One problem with applying this method is that it is very time-consuming for large datasets. Thus, in this section, we present a parallel implementation which relies on a data partition strategy and a “reverse searching-forward processing” chain strategy to boost the segmentation speed on a cluster platform using MPI parallel technology. The MPI has the advantages of portability, standardization, and efficiency, which could solve the communication problems of parallel processing [26]. The computing resources of the cluster platform are divided into one master node and many slave nodes with the Master/Slave mode, which can handle dynamic load balancing [26].

3.1. Data Partition Strategy

Data partition is a common strategy for parallel processing [27]; the data is divided into rectangular blocks using the expand buffer strategy by the master node. The data partition strategy is shown in Figure 3.

Figure 3. Data partition strategy based on MPI.

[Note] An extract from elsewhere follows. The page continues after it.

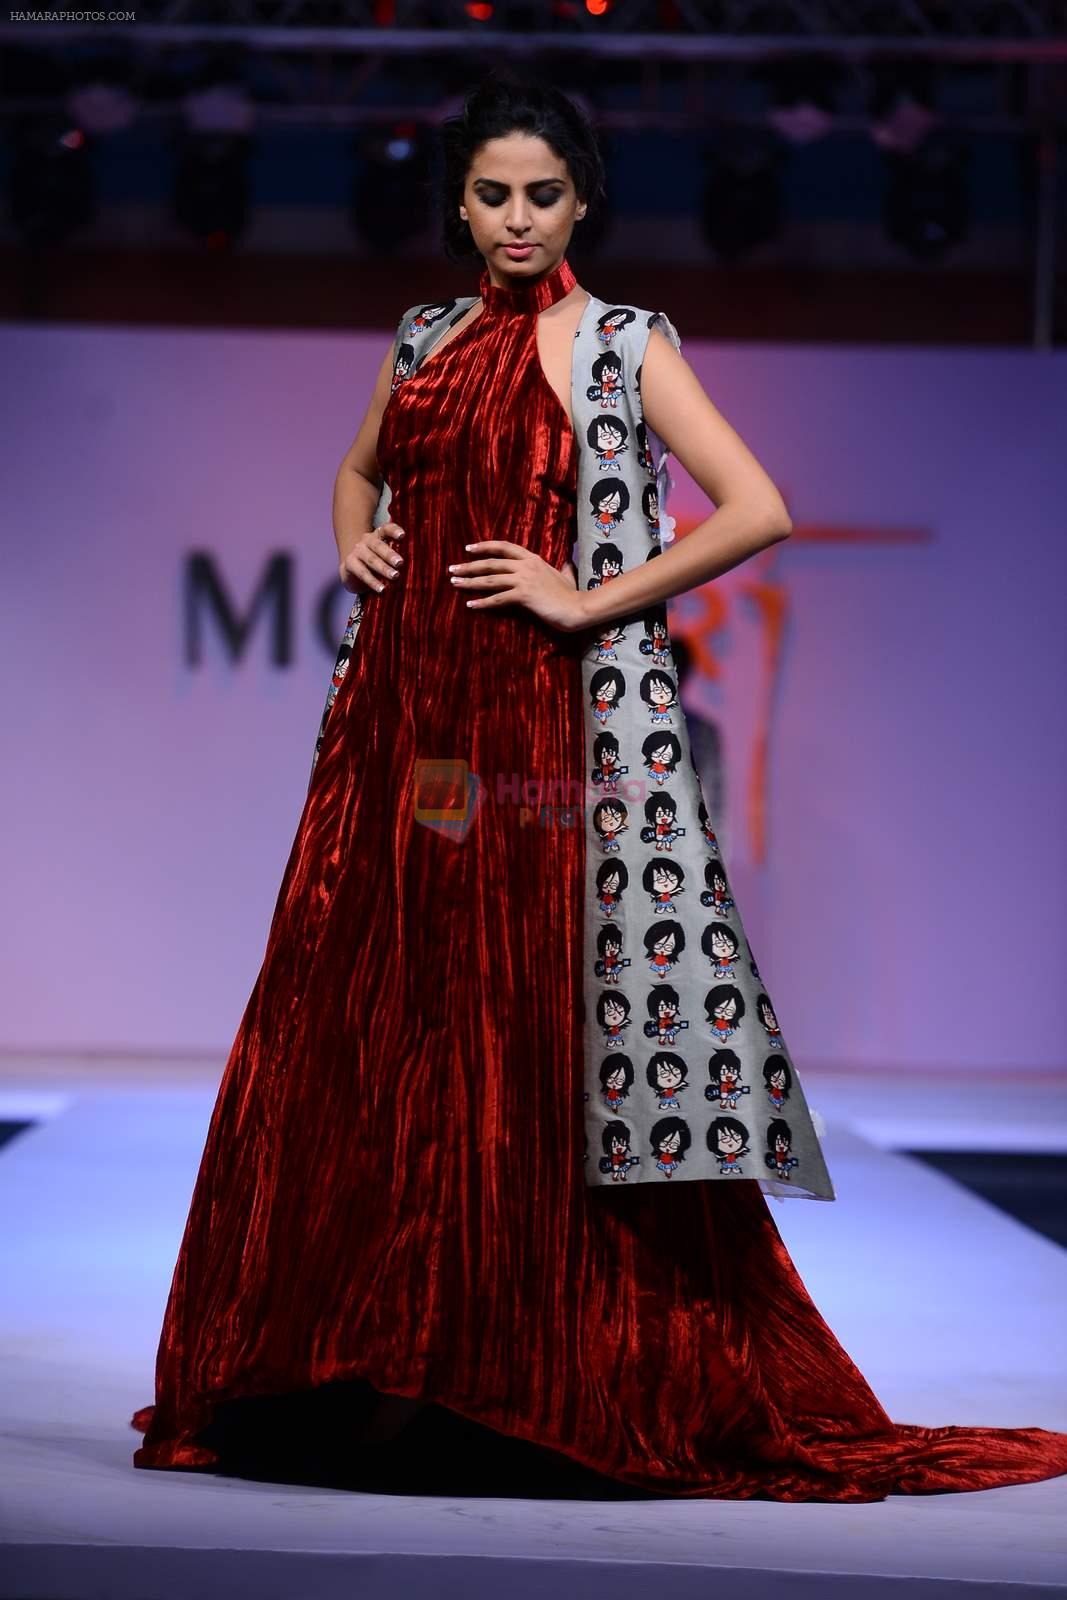 Model walk the ramp for Modart fashion show and Lingerie show on 5th may 2015

It has the following three steps:

(1)

The data is divided into rectangular blocks, and every block is labelled with “1, 2, 3, …, i, …” from left to right, up to down.

(2)

Each block is assigned to a different slave node; the block is labelled as i, that is,

$$i=p+n\times P$$

where, (n, p) is the coordinate of the slave node, which is labeled with index i, and P is the number of slave nodes in the column direction. Here the column and row directions are equivalent to the coordinate in the x and y directions, respectively.

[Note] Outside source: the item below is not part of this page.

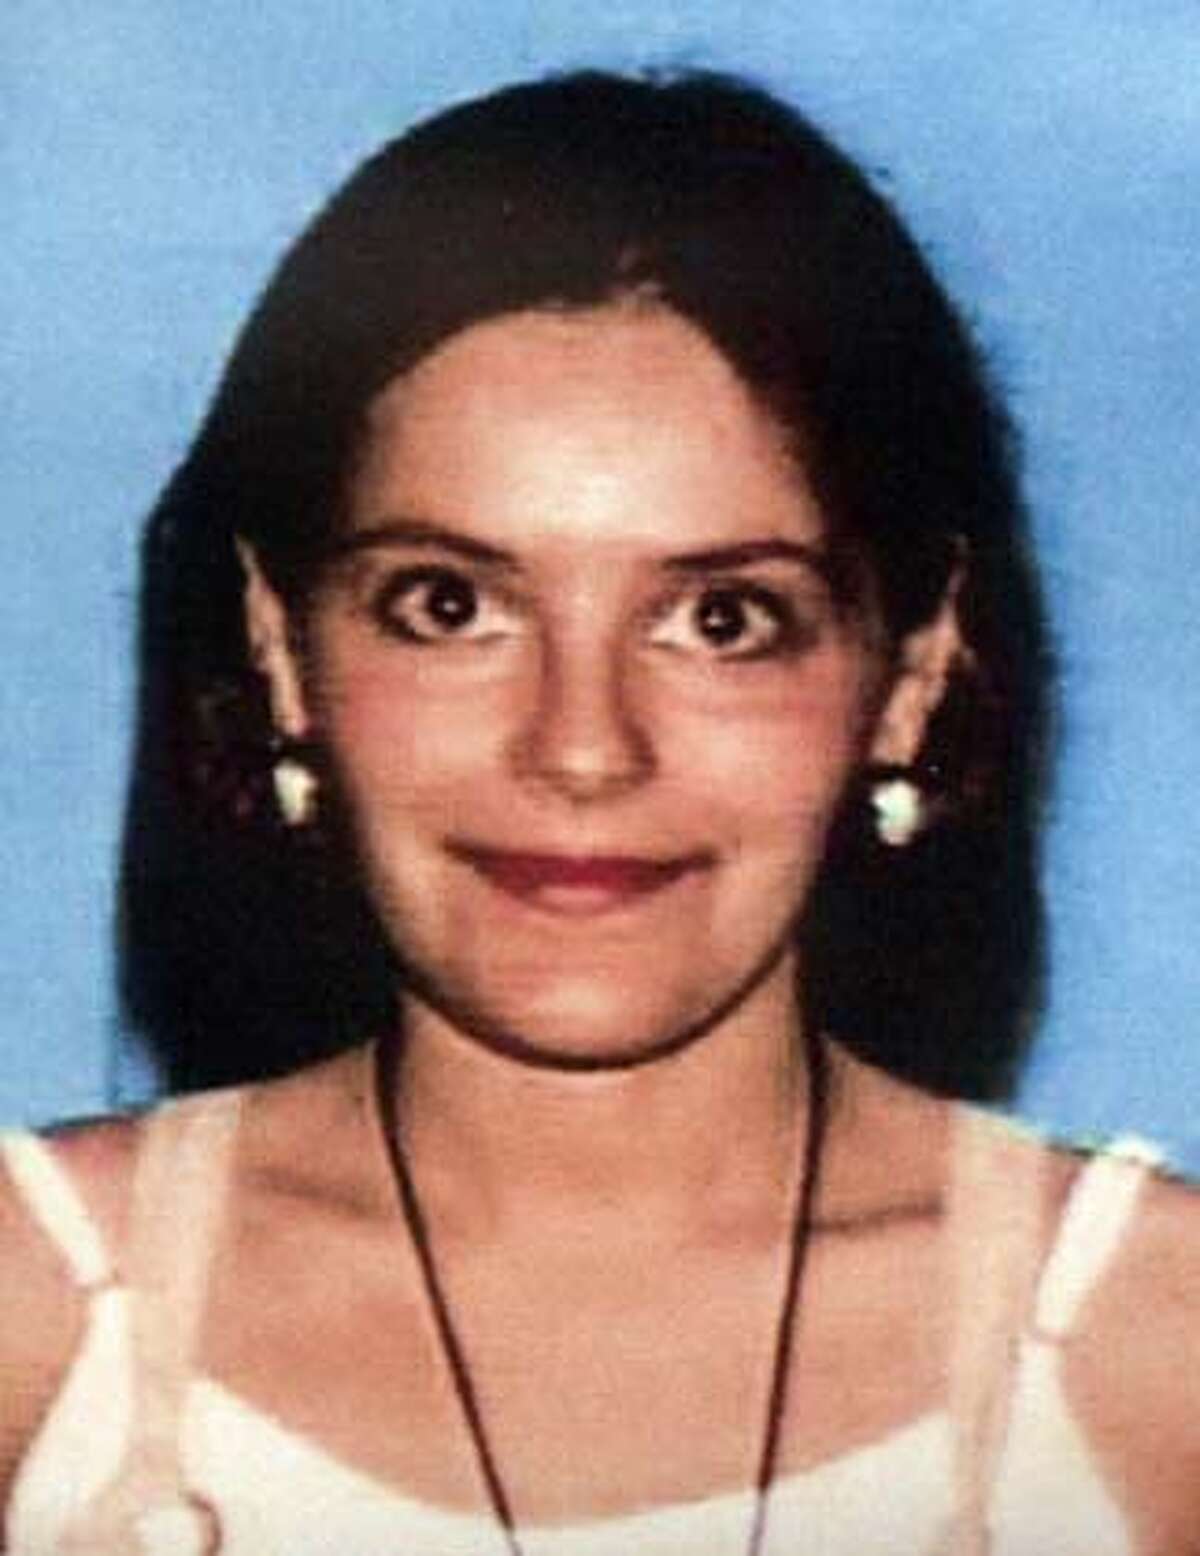 ** FILE ** Nina Reiser is seen in this 1999 California DMV photo.On a late summer day last year, Nina Reiser dropped her two kids off at her estranged husband's house in the Oakland hills and vanished into thin air. Prosecutors say that's because Hans Reiser killed her. His defense attorney says with no body ever recovered there's no case and suggests she may yet be alive in her native Russia. The unusual case begins Monday, Nov. 5, 2007, when opening statements are scheduled. (AP Photo/DMV photo via The Oakland Tribune) **NO SALES MAGS OUT NO INTERNET MANDATORY CREDIT **

The slave nodes process their blocks according to the label of the blocks and send the result to the master node until all the data has been processed.

3.2. “Reverse Searching-Forward Processing” Chain

The “reverse searching-forward processing” chain is an interconnected system, which describes a series of steps. Each step can be performed simultaneously by different slave nodes [28]. The chain is shown in Figure 4.

Figure 4. “Reverse searching-forward processing” chain based on MPI.

At first, the slave nodes start to search for the relative data and parameters from the result until they find all the data, parameters, and algorithms. Then the slave nodes use the relative data, parameters, and algorithms to process from the source to the result until all the steps are completed.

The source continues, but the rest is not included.